The insurance company concerned had sought the complainant's medical records, supplied the relevant consent form and used the following terms in its request to the GP: "Can you please provide us with copies of the claimant's medical records relevant to this claim. This includes all records relating to the medical conditions and associated symptoms which are the subject of this claim."

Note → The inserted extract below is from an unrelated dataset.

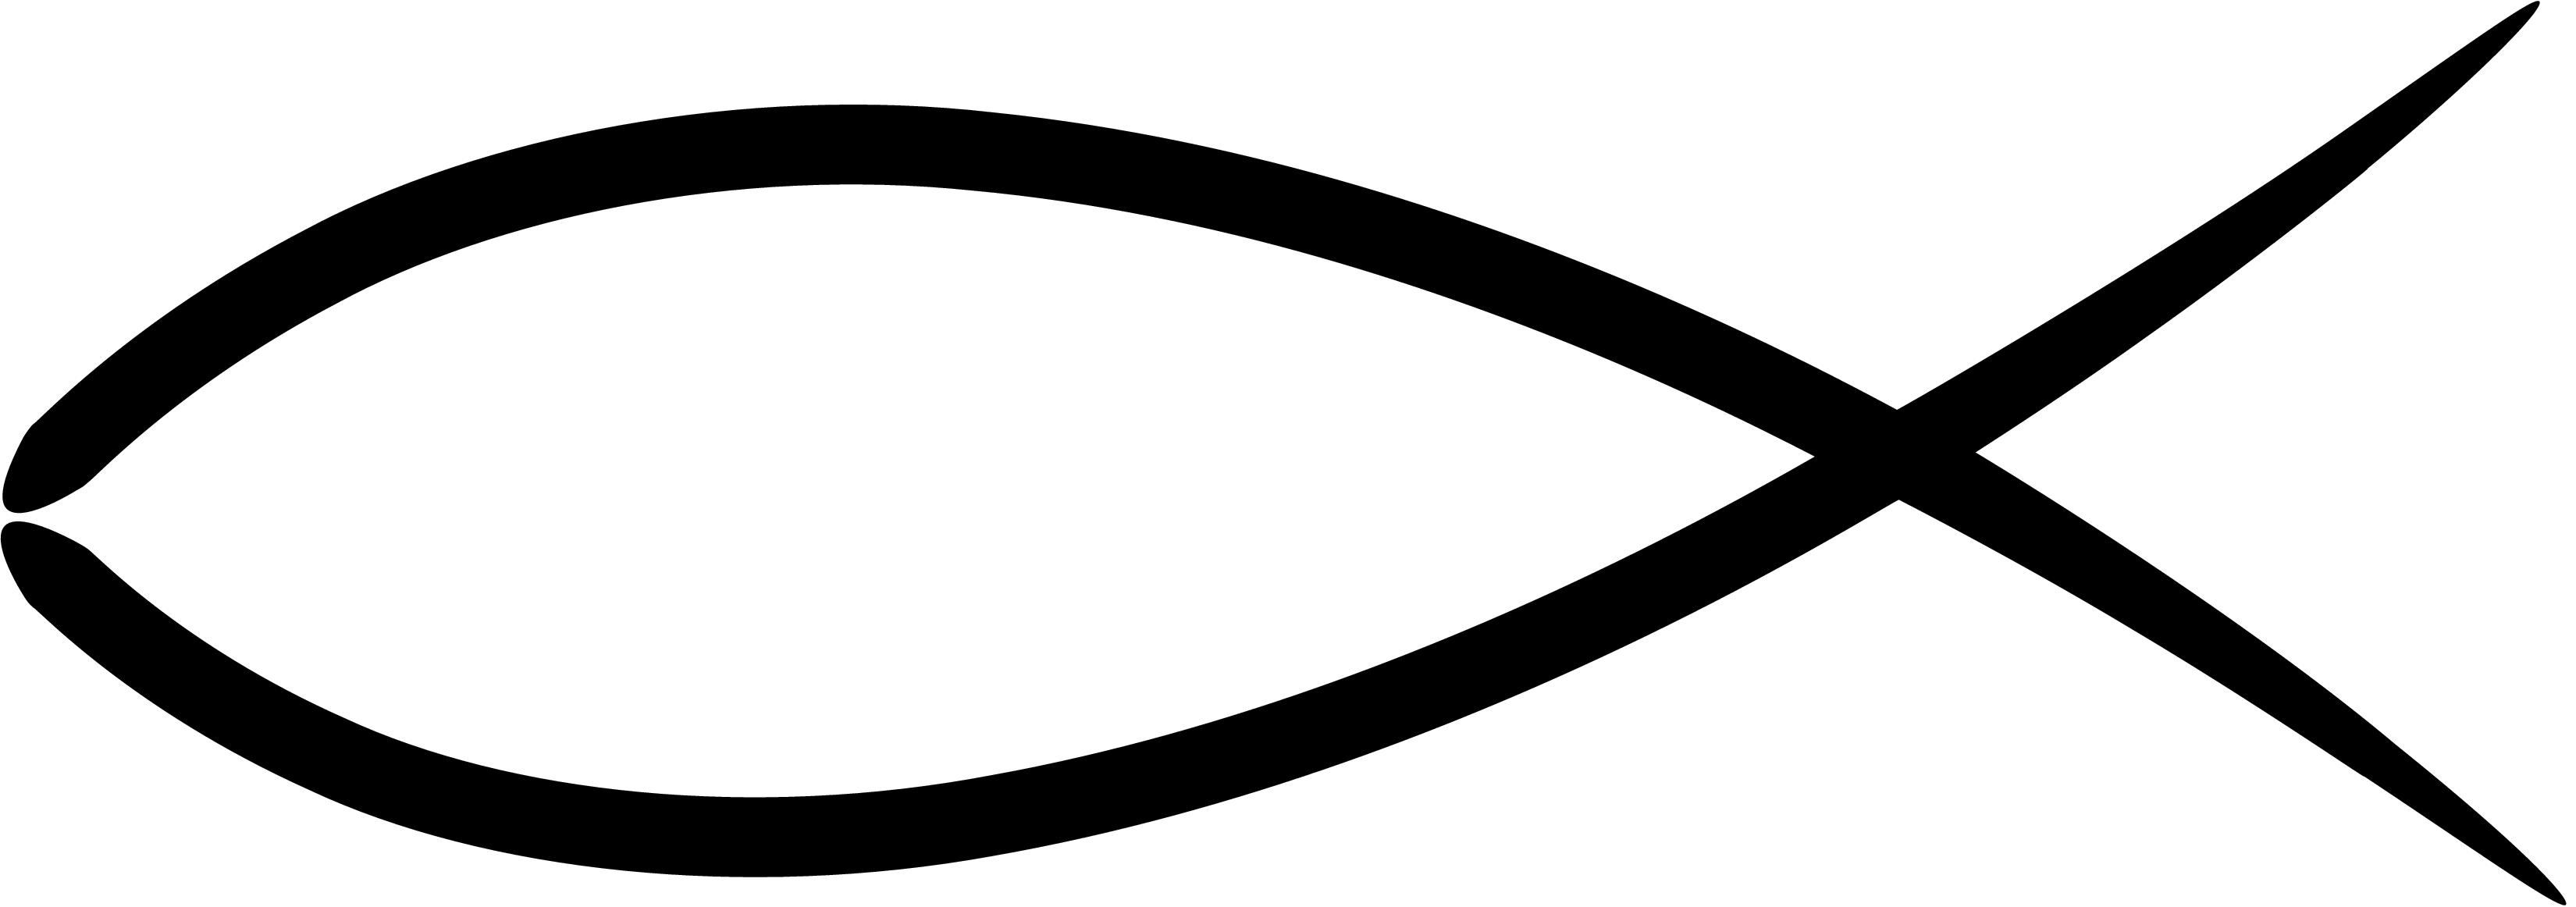 Christian God Symbol

It was clear from the insurance company’s request for medical records that it sought medical records relevant to the claim only. As the claim related to the complainant’s knee injury, the medical records sought related to that injury and the request did not extend beyond that. Equally, the complainant’s consent authorised the insurance company to make enquiries and to get any information considered relevant from her doctor and others. The consent was clearly limited to relevant information and it could not be interpreted as extending to all medical records held by the GP.
This Office issued a decision on this complaint which stated that the Commissioner was of the opinion, following the investigation of this complaint, that Section 2(1)(c)(ii)of the Data Protection Acts, 1988 & 2003 had been contravened by the GP by the further processing of the complainant's sensitive personal data in the form of medical records unrelated to her knee injury. The contravention occurred when the GP, in responding to a request from an insurance company, disclosed to that insurance company certain medical records of the complainant without her consent.